▶ **Source material**

——————

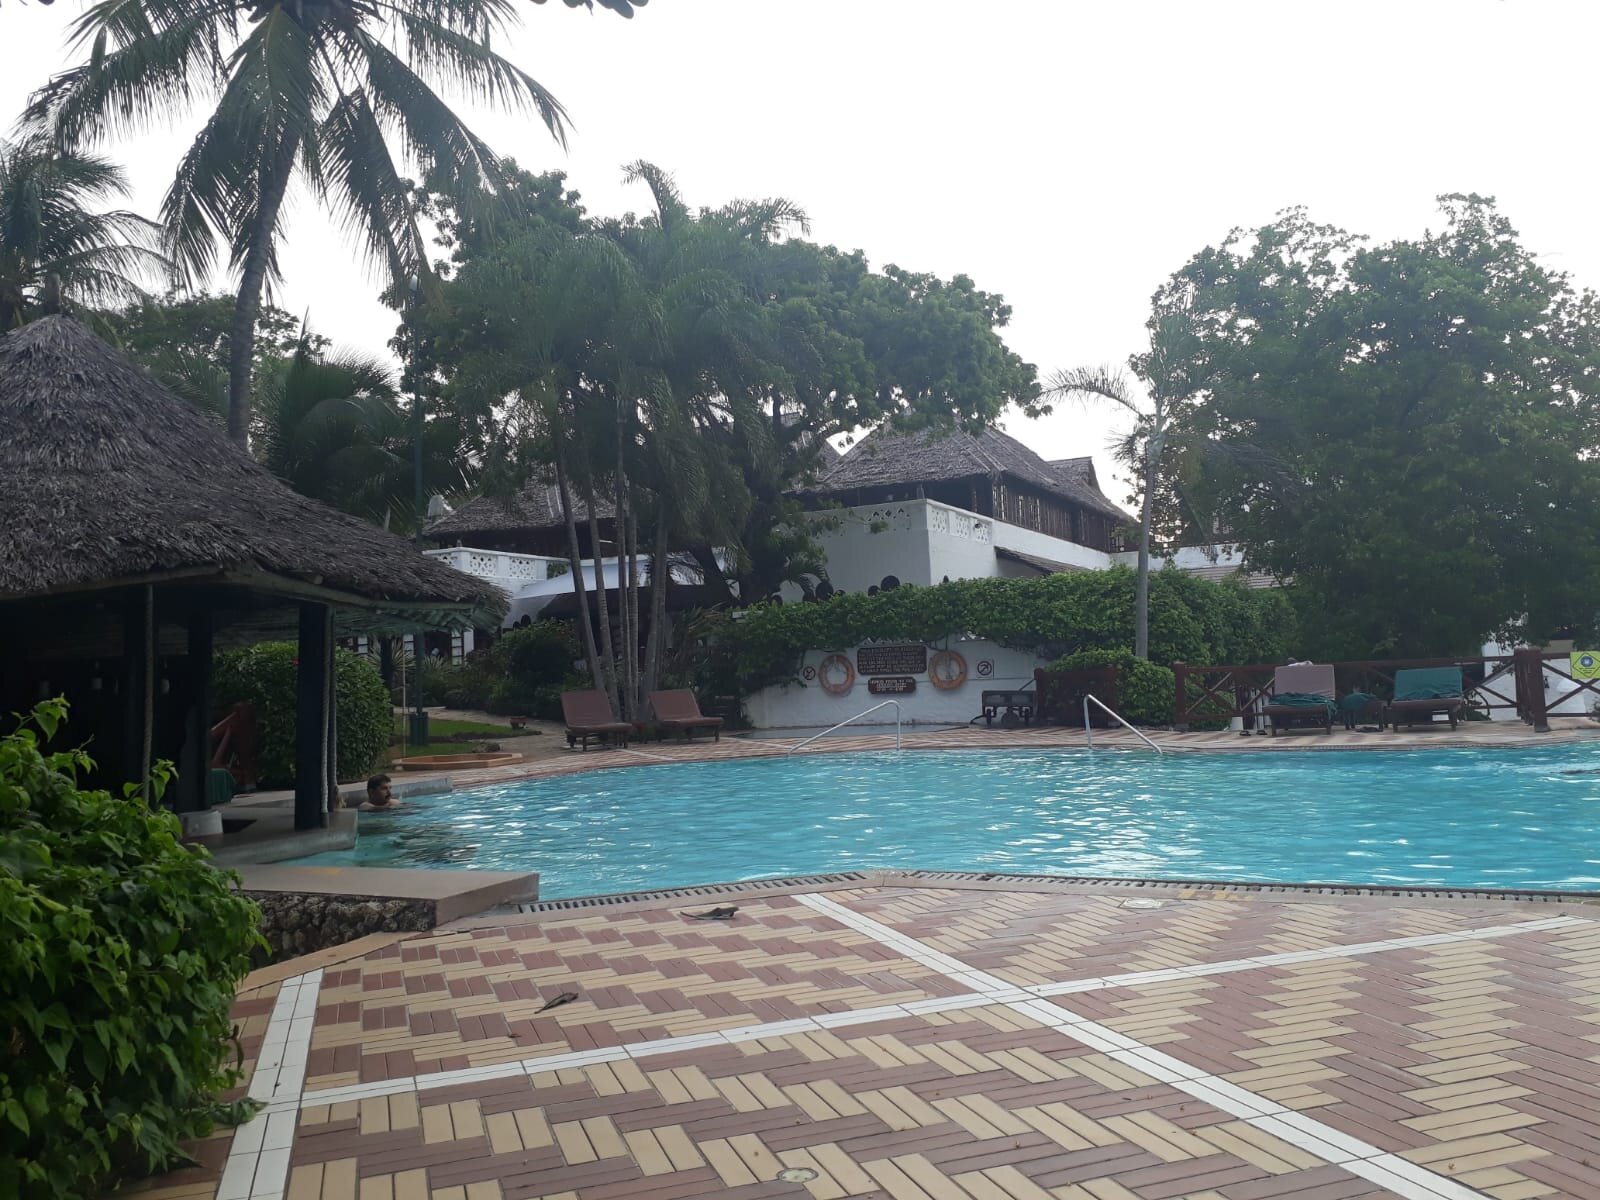 The pool at the Serena Beach Resort & Spa, Kenyan coast
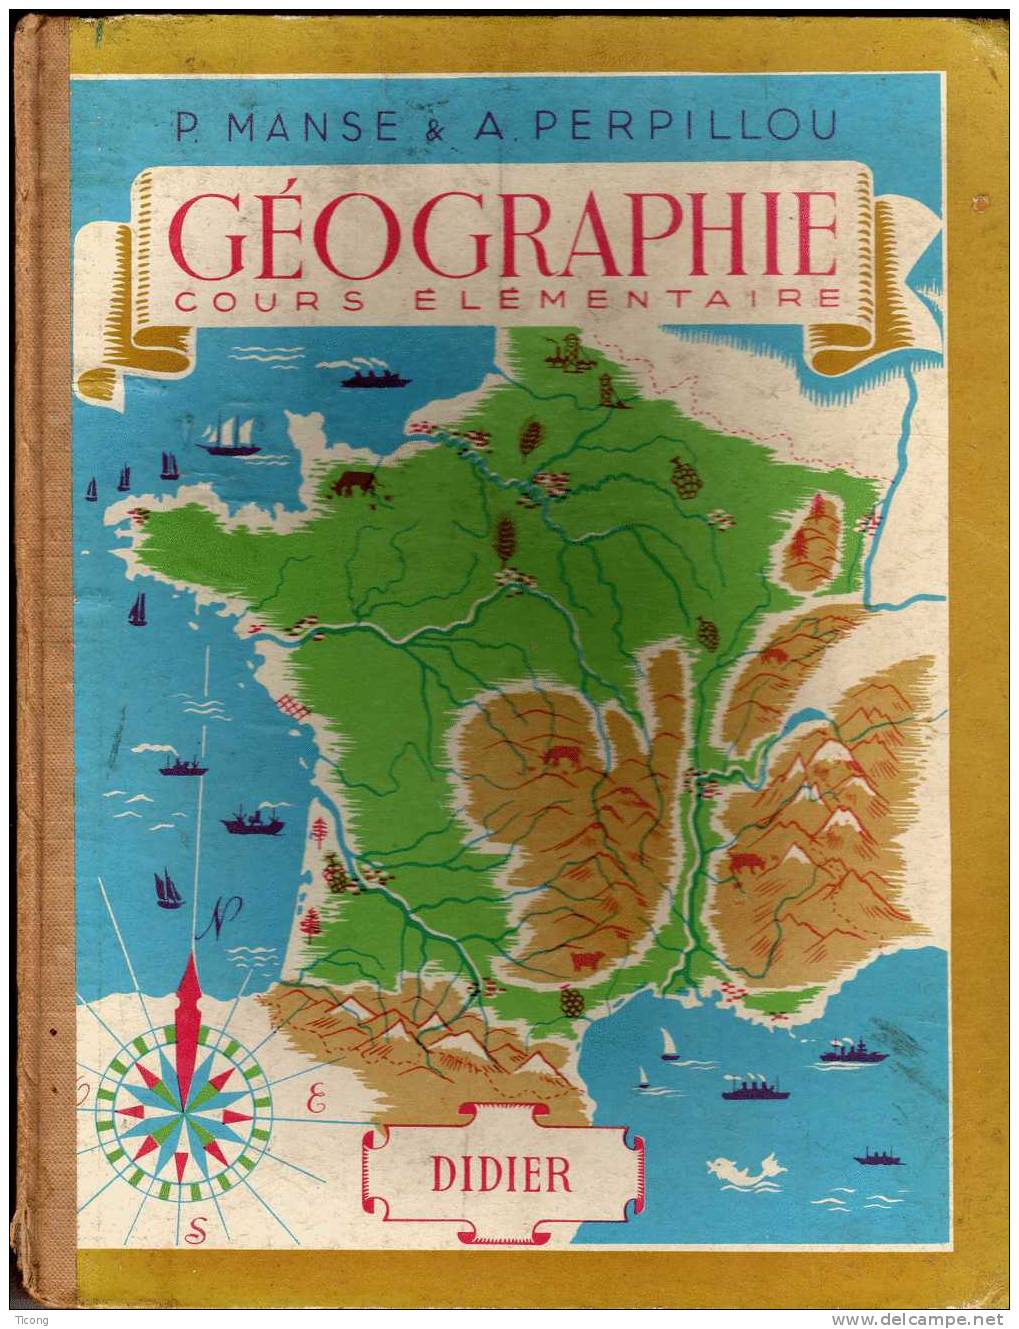 GEOGRAPHIE COURS ELEMENTAIRE MANSE ET PERPILLOU - EDITION DIDIER PARIS 1957 - 6-12 Jahre
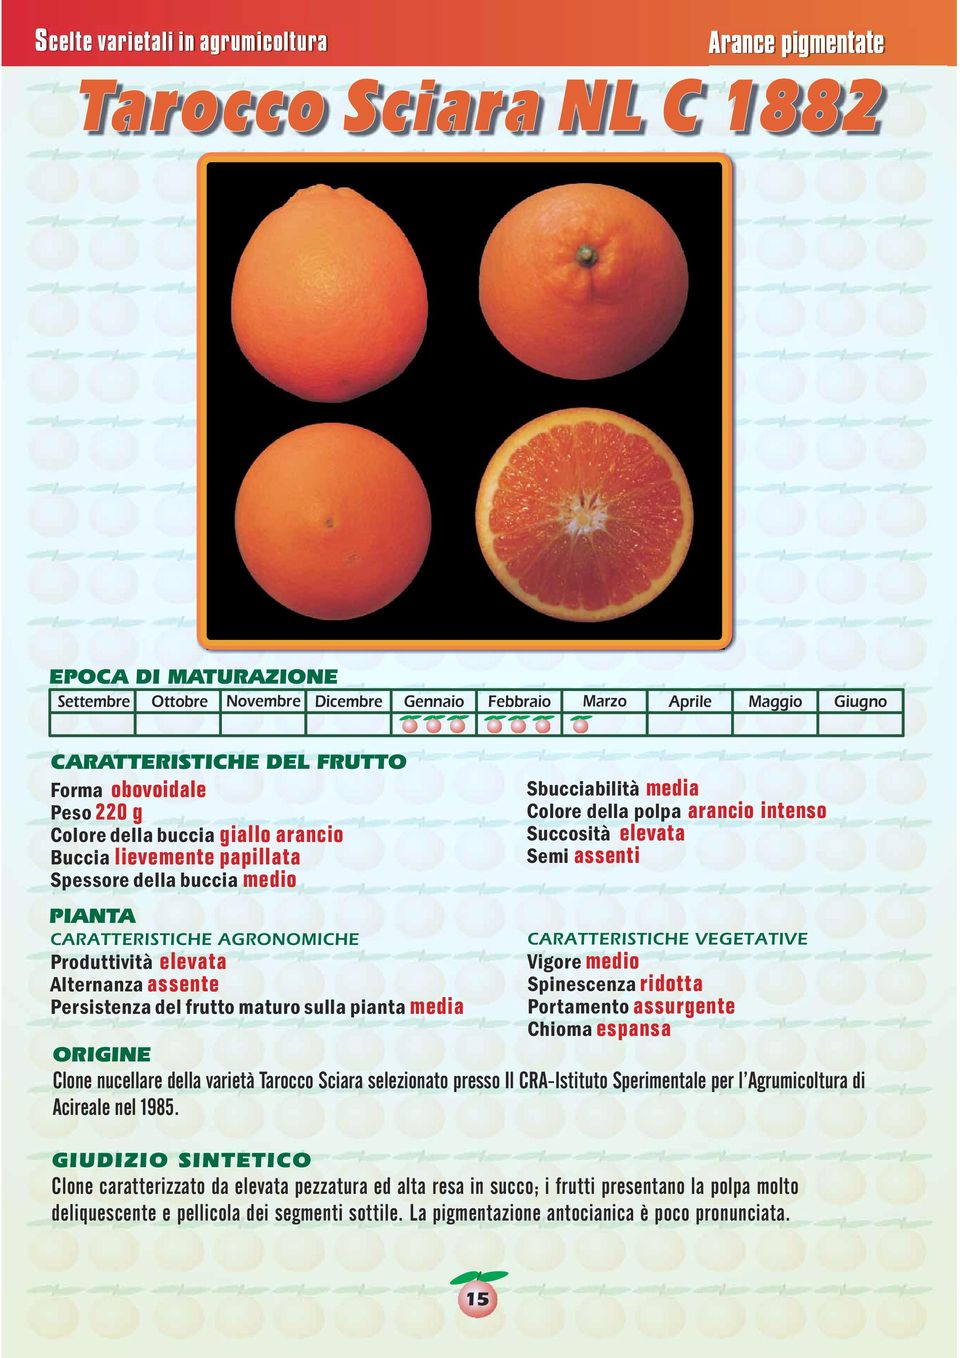 assurgente Chioma espansa Clone nucellare della varietà Tarocco Sciara selezionato presso Il CRA-Istituto Sperimentale per l Agrumicoltura di Acireale nel 1985.

——————

▶ **What to do**
Each line from the one containing "GEOGRAPHIE COURS ELEMENTAIRE" through the last line of the listing is to be given again exactly, with no pictures and no other lines.

▶ **Answer to this task**
 GEOGRAPHIE COURS ELEMENTAIRE MANSE ET PERPILLOU - EDITION DIDIER PARIS 1957 - 6-12 Jahre
 assurgente Chioma espansa Clone nucellare della varietà Tarocco Sciara selezionato presso Il CRA-Istituto Sperimentale per l Agrumicoltura di Acireale nel 1985.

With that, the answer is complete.